RECORDS SUPPLIED ->
[Start of section]

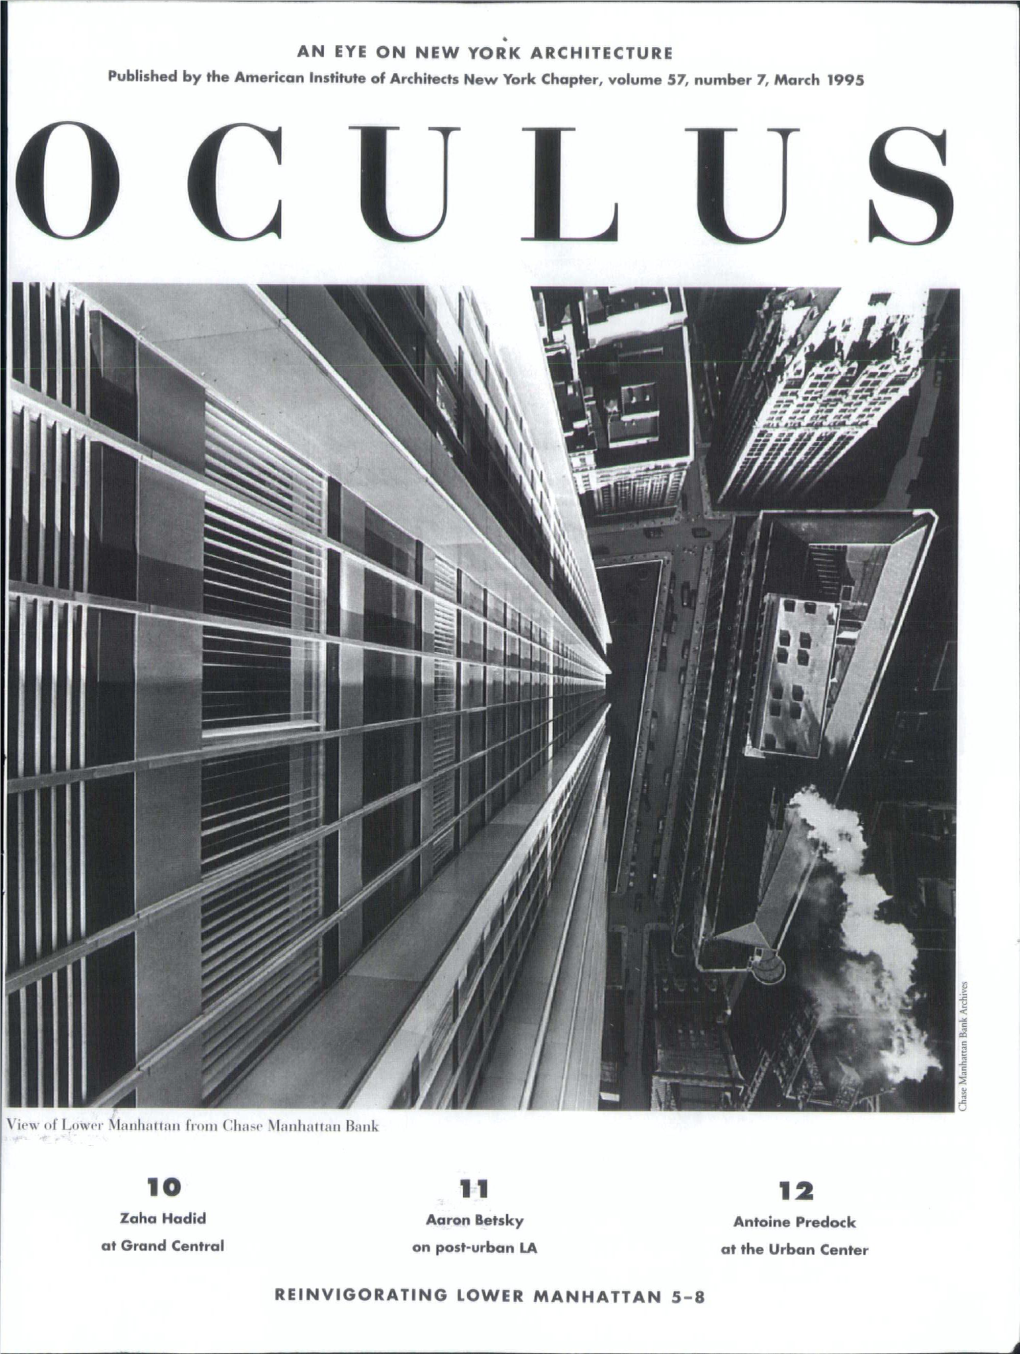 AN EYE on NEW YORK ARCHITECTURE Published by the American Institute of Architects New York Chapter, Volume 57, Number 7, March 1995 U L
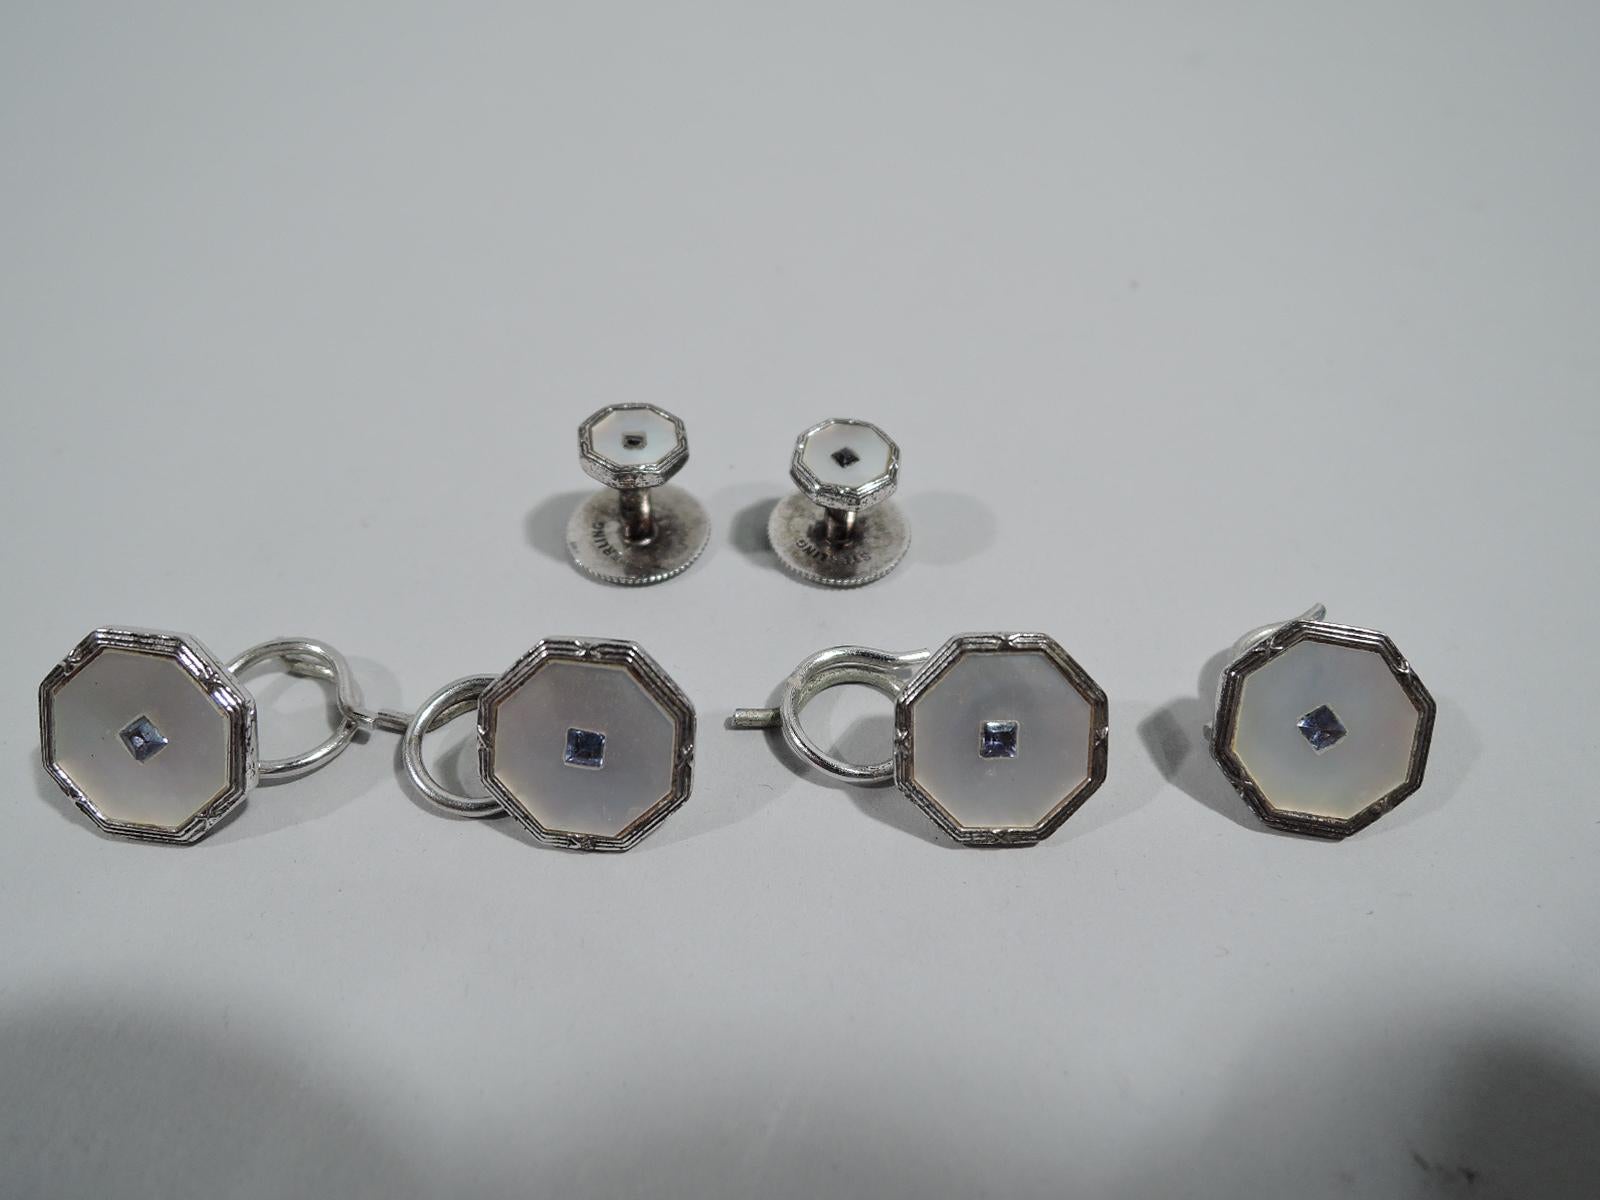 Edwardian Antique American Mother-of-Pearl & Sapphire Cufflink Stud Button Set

[End of section]
[Start of section]

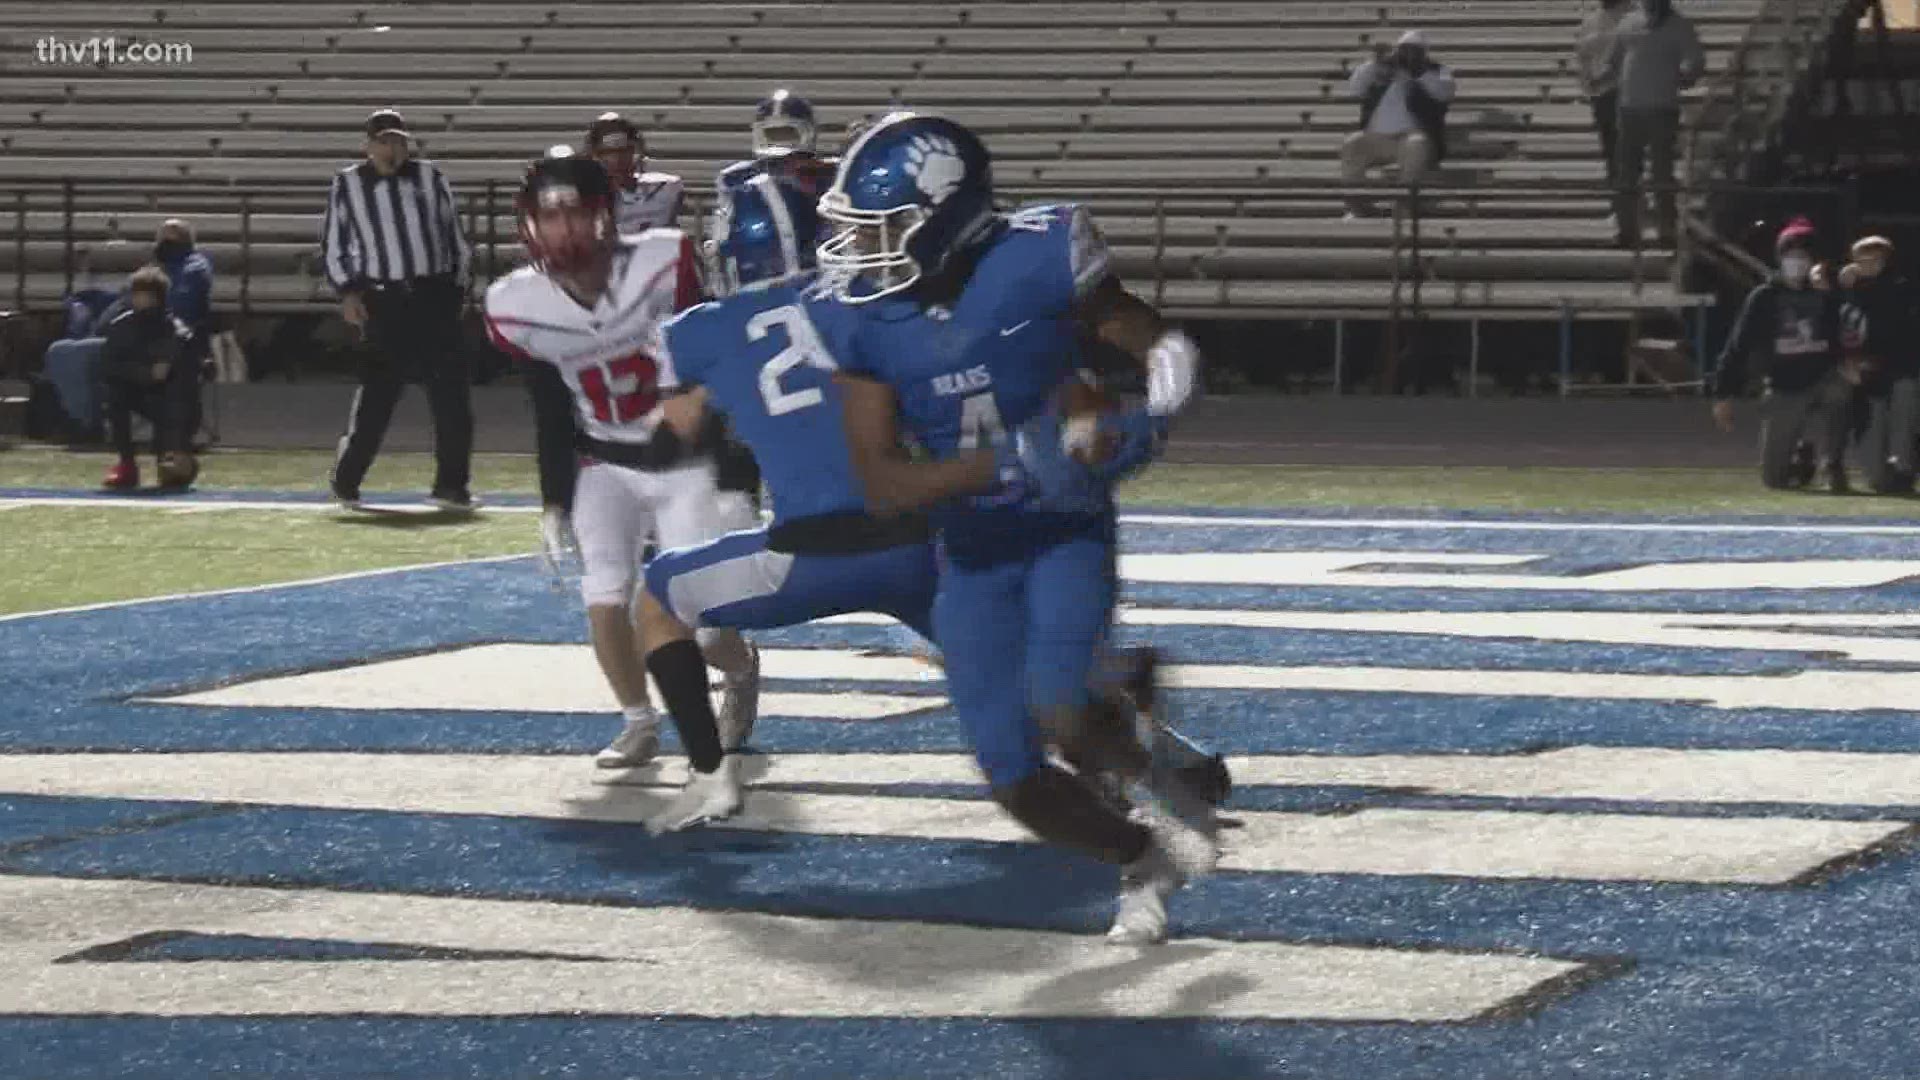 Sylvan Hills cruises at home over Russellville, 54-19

[End of section]

ACTIVITY -> In the records above, find the line with "AN EYE on NEW" and the line with "Edwardian Antique American"; please transcribe exactly those two lines and all lines between them, omitting any picture.

SOLUTION TO THIS TASK ->
 AN EYE on NEW YORK ARCHITECTURE Published by the American Institute of Architects New York Chapter, Volume 57, Number 7, March 1995 U L
 Edwardian Antique American Mother-of-Pearl & Sapphire Cufflink Stud Button Set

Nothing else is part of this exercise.